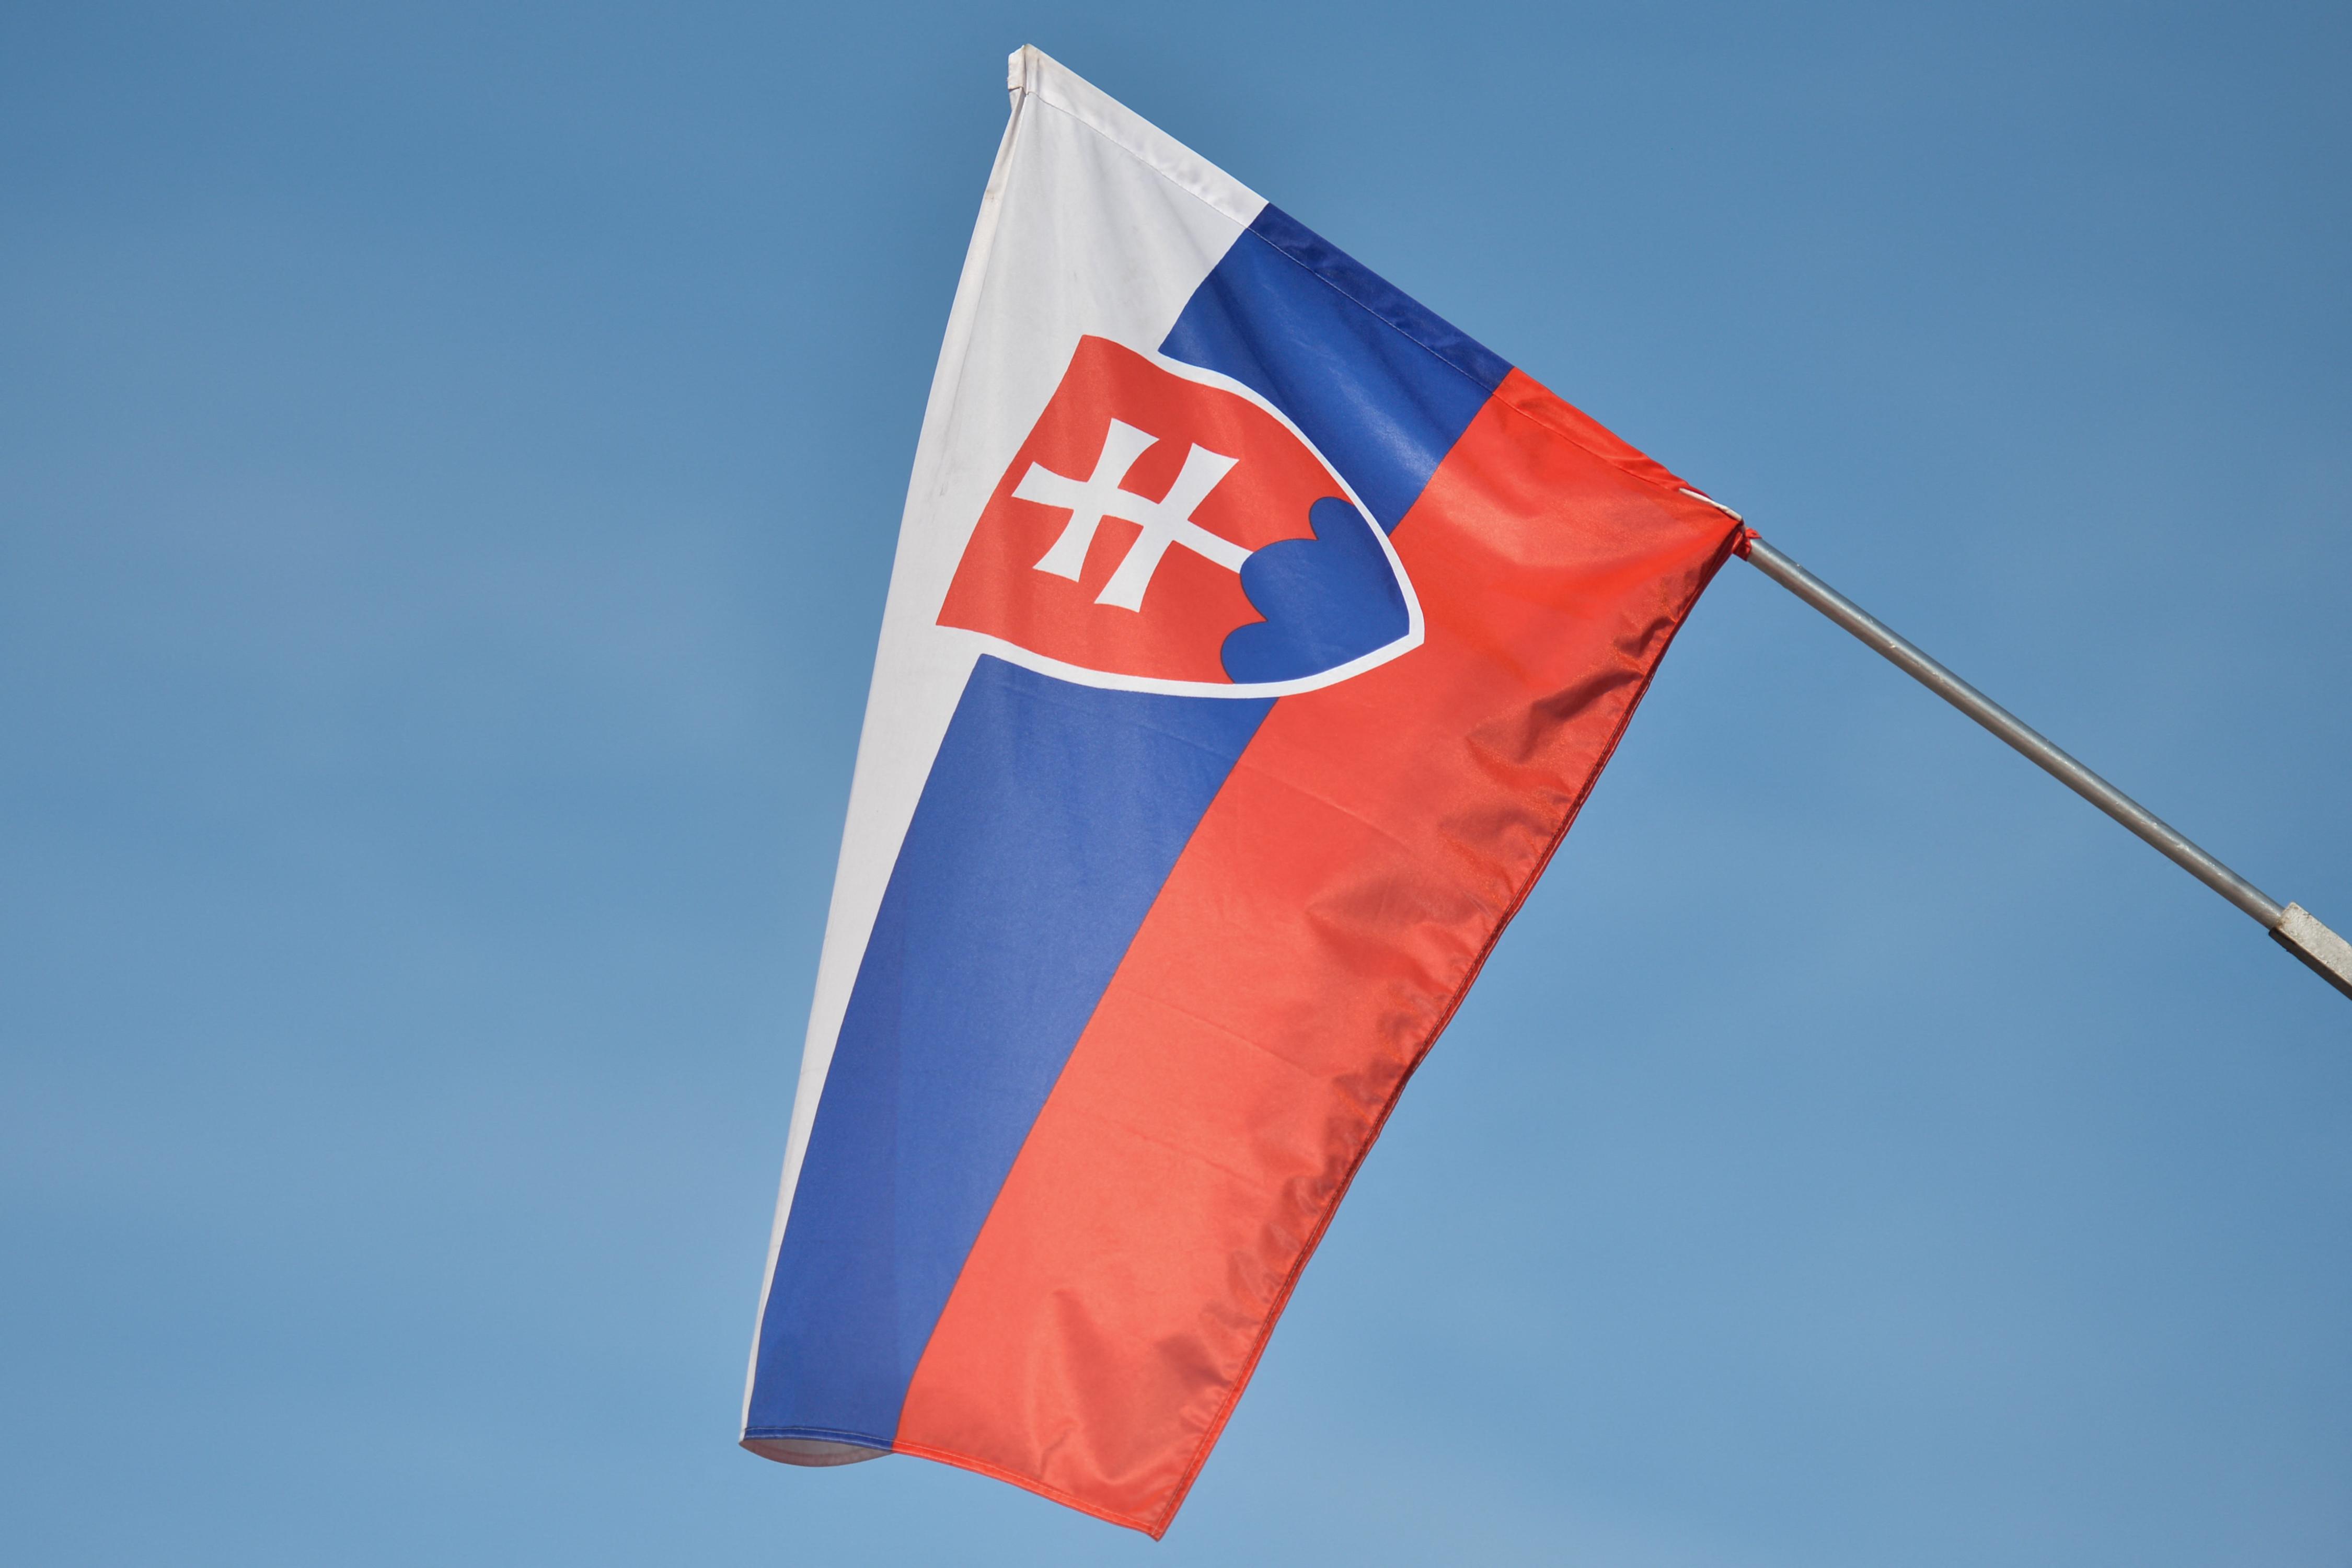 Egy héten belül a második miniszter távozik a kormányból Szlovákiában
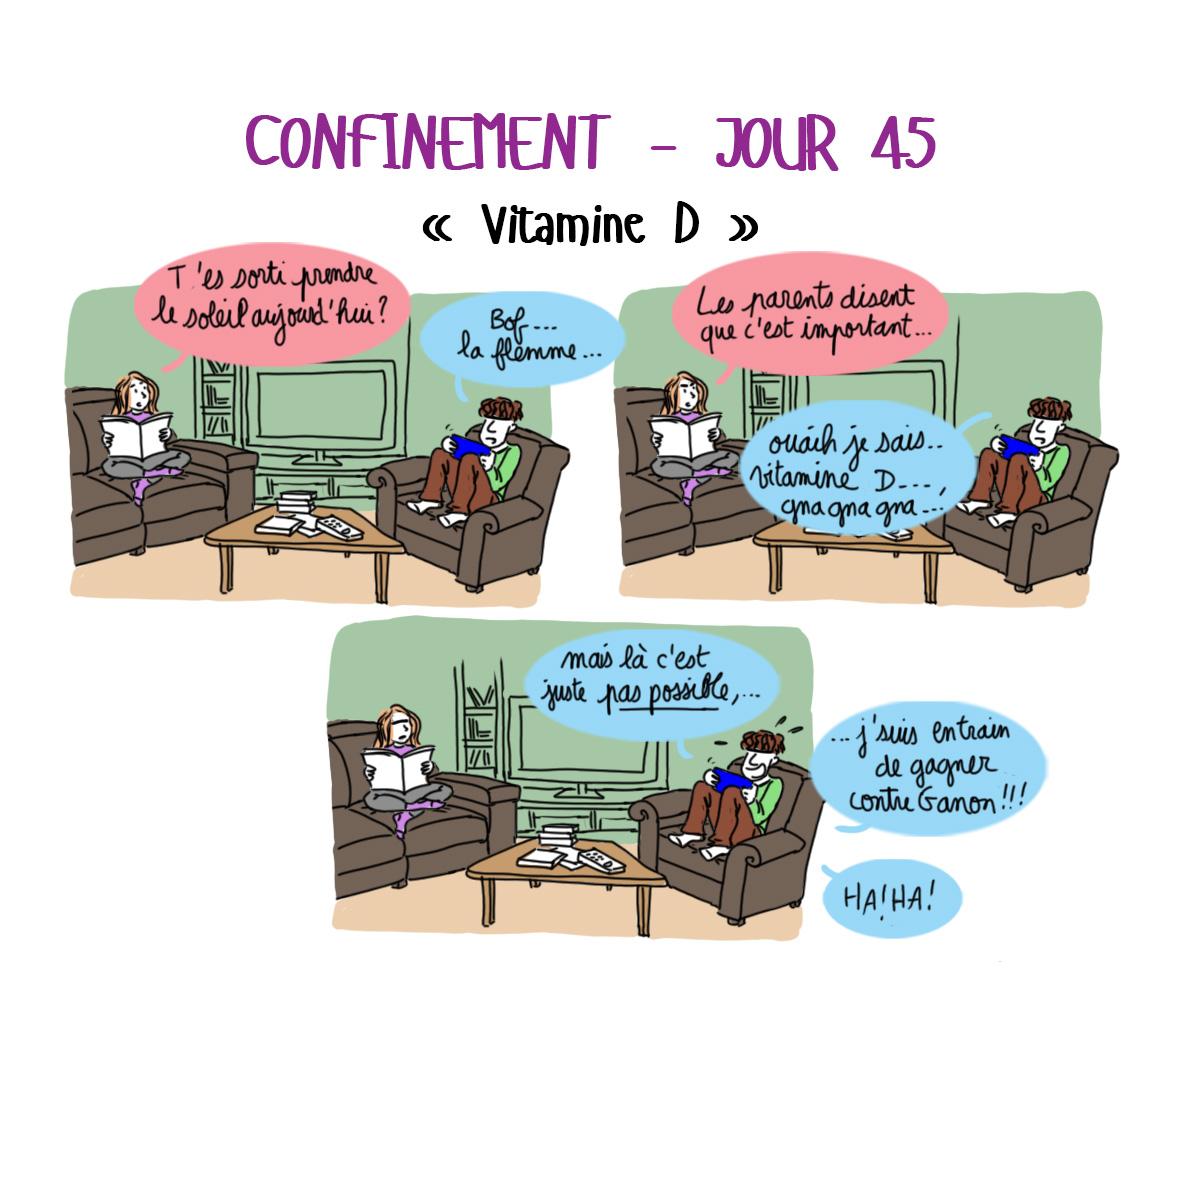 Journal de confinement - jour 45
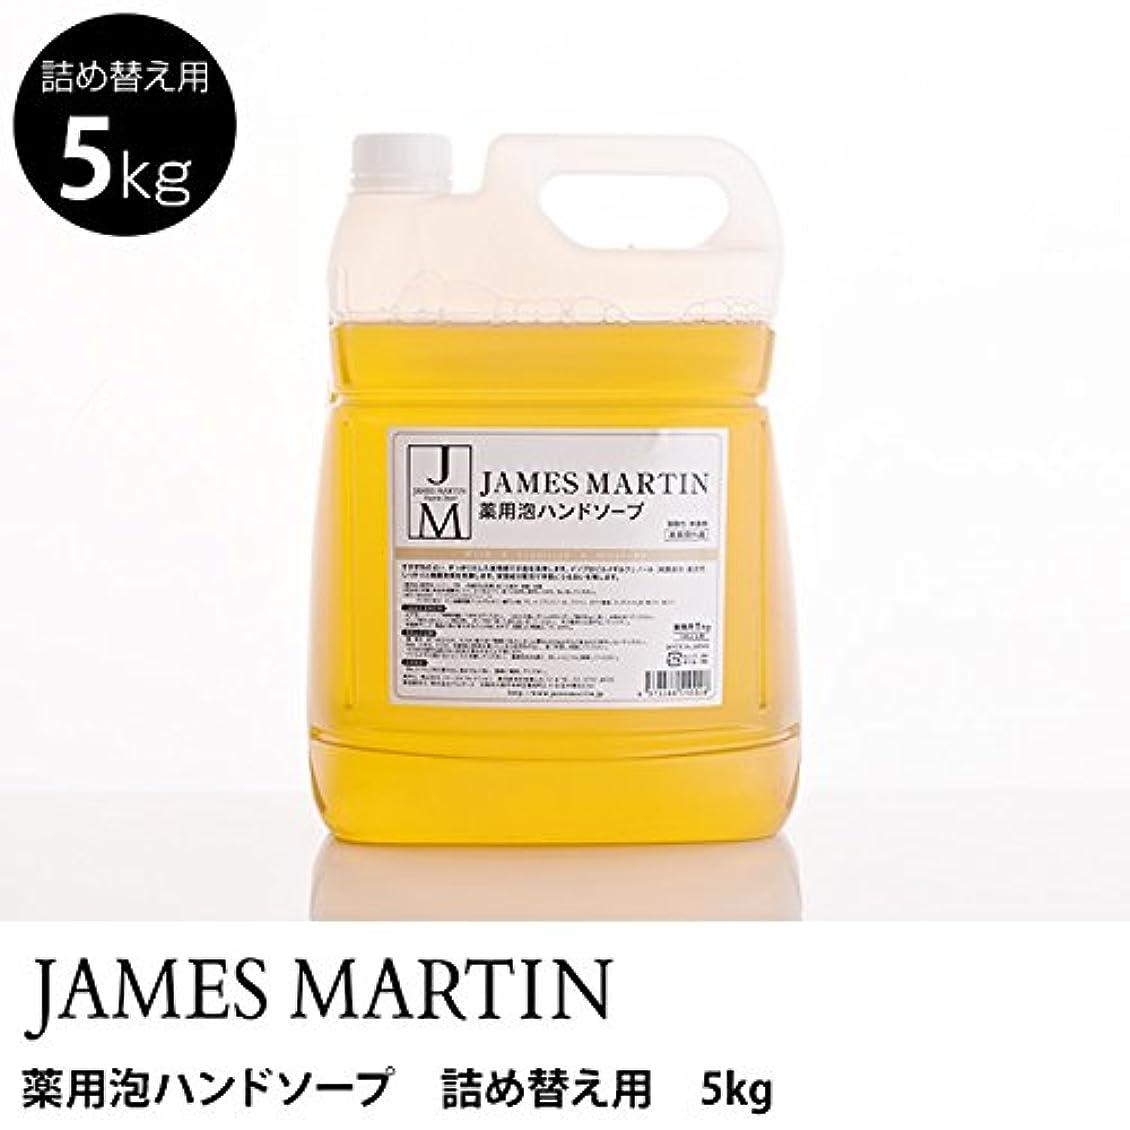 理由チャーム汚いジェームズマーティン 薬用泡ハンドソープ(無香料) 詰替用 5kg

WHAT IS REQUIRED:
Copy the listing exactly. No images belong in the copy.

TASK SOLUTION:
 Egy héten belül a második miniszter távozik a kormányból Szlovákiában
 Journal de confinement - jour 45
 理由チャーム汚いジェームズマーティン 薬用泡ハンドソープ(無香料) 詰替用 5kg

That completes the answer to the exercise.